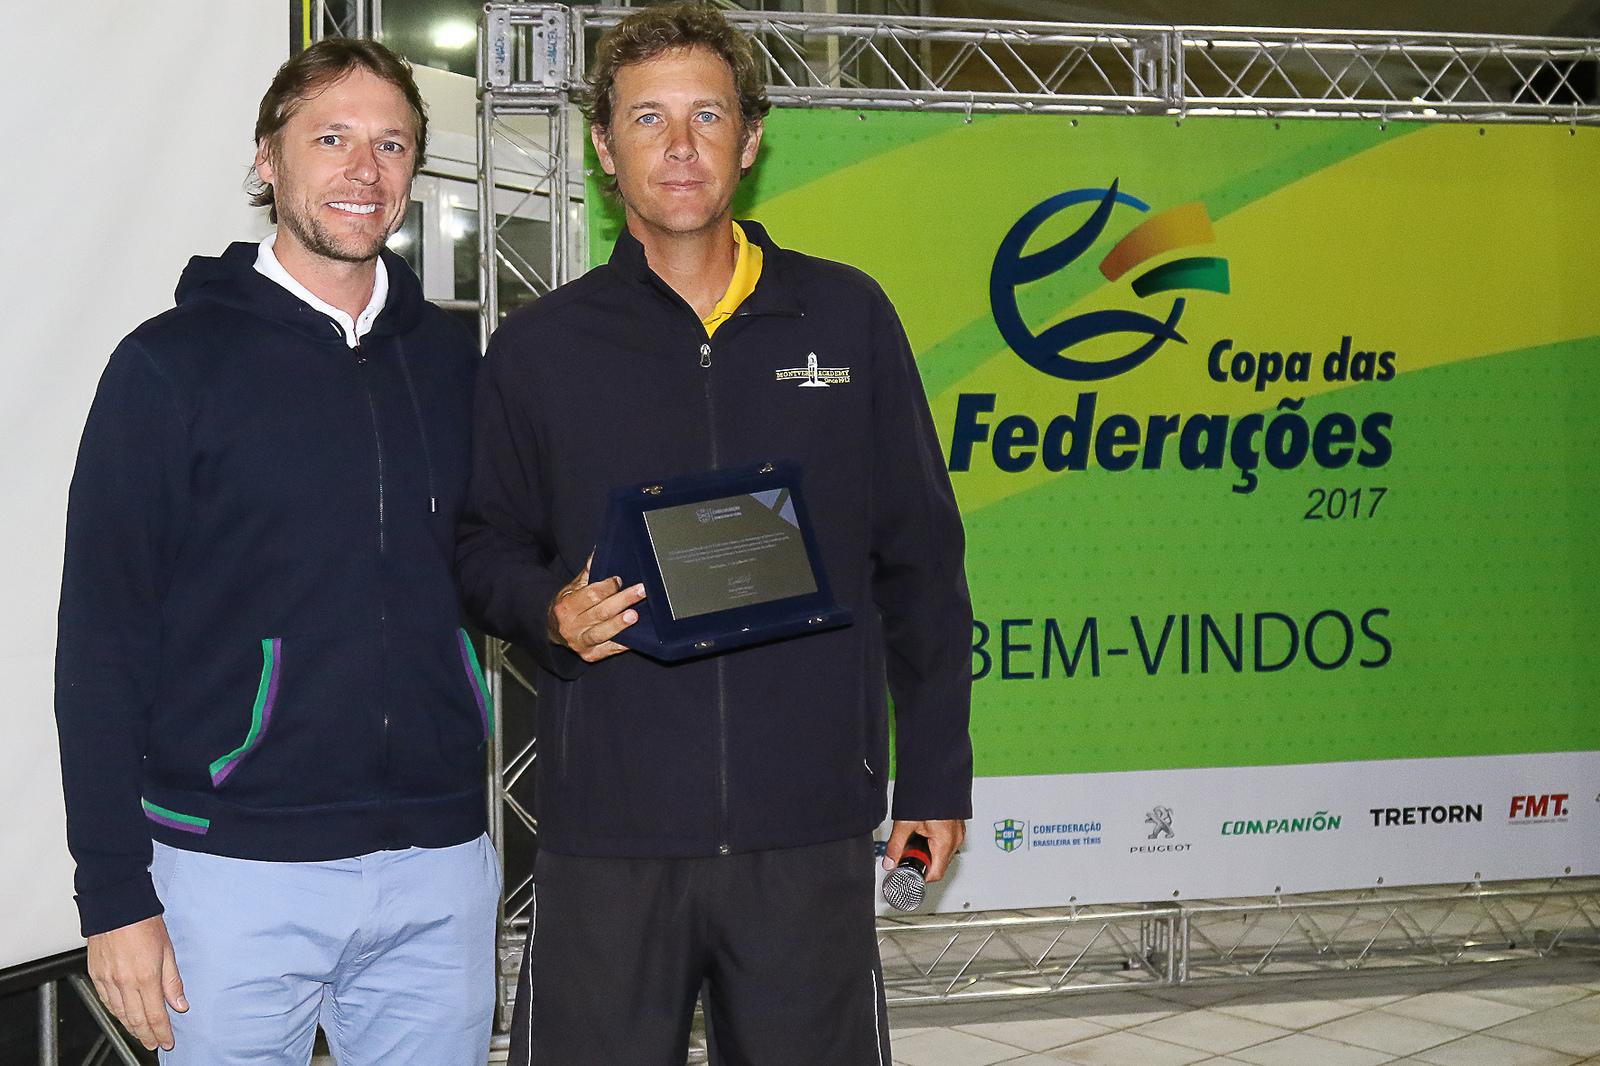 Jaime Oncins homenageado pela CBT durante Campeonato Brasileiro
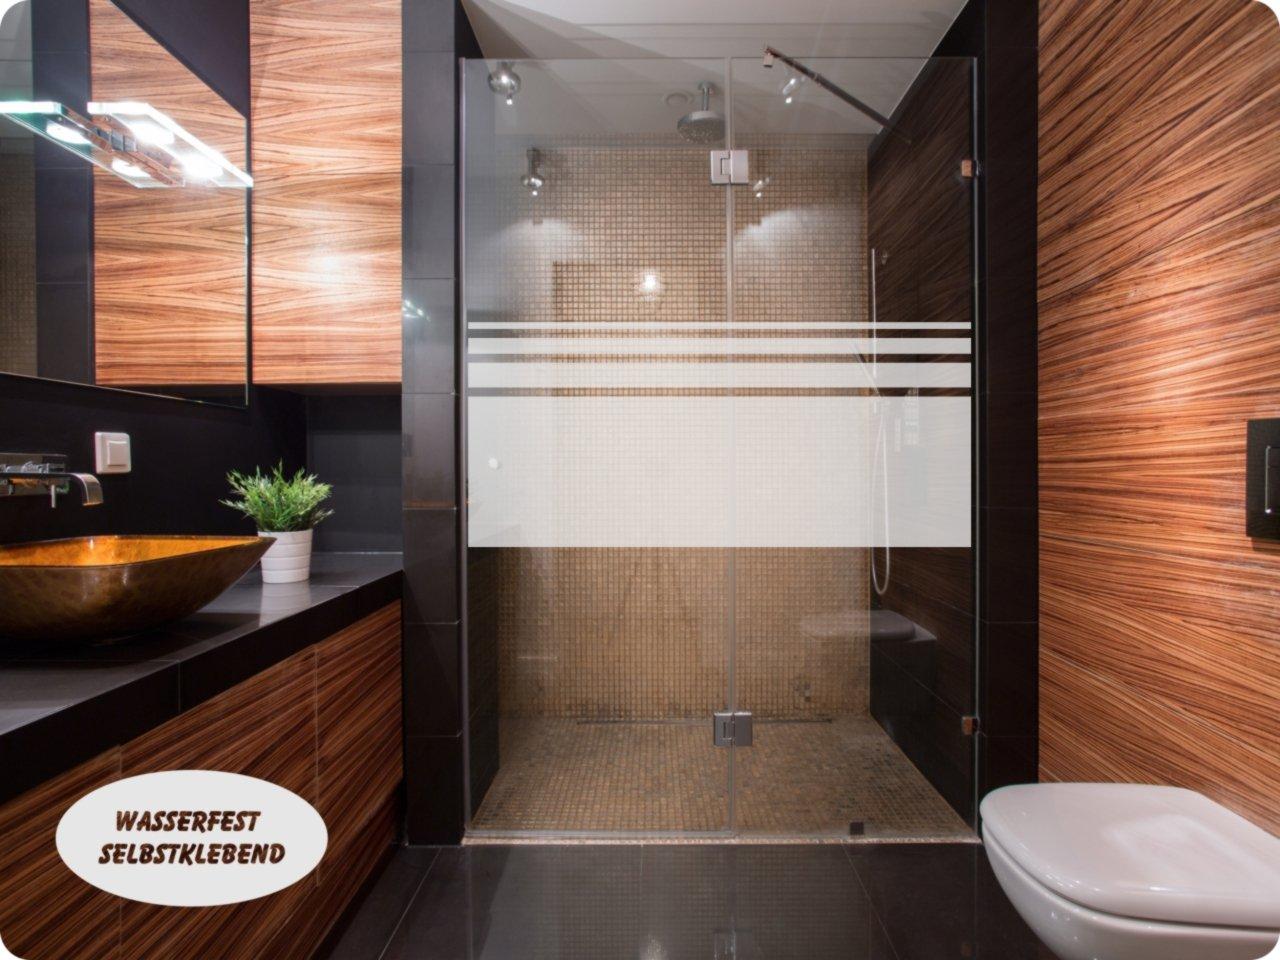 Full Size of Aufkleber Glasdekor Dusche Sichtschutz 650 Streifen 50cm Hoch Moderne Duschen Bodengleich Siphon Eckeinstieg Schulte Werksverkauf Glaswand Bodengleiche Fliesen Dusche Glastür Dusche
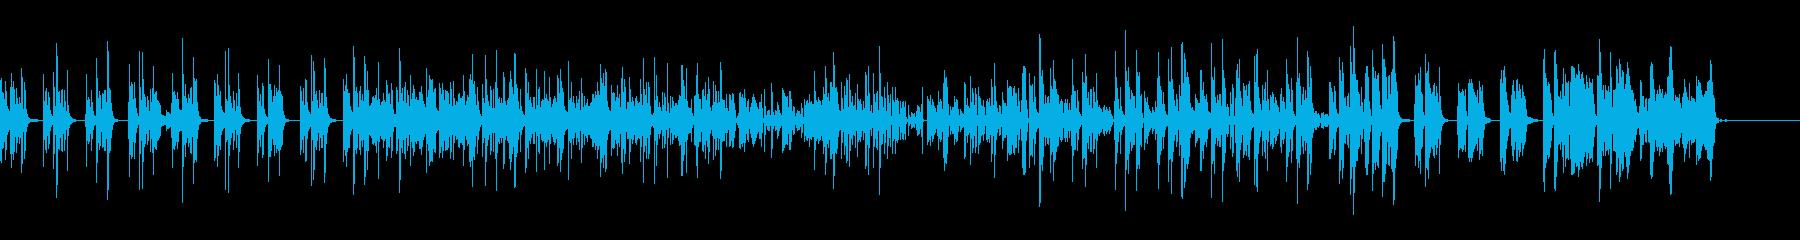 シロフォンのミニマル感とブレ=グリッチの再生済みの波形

══════

Go through the material above and print all of it exactly, except the pictures.

Solution:
 Jaime Oncins homenageado pela CBT durante Campeonato Brasileiro
 Full Size of Aufkleber Glasdekor Dusche Sichtschutz 650 Streifen 50cm Hoch Moderne Duschen Bodengleich Siphon Eckeinstieg Schulte Werksverkauf Glaswand Bodengleiche Fliesen Dusche Glastür Dusche
 シロフォンのミニマル感とブレ=グリッチの再生済みの波形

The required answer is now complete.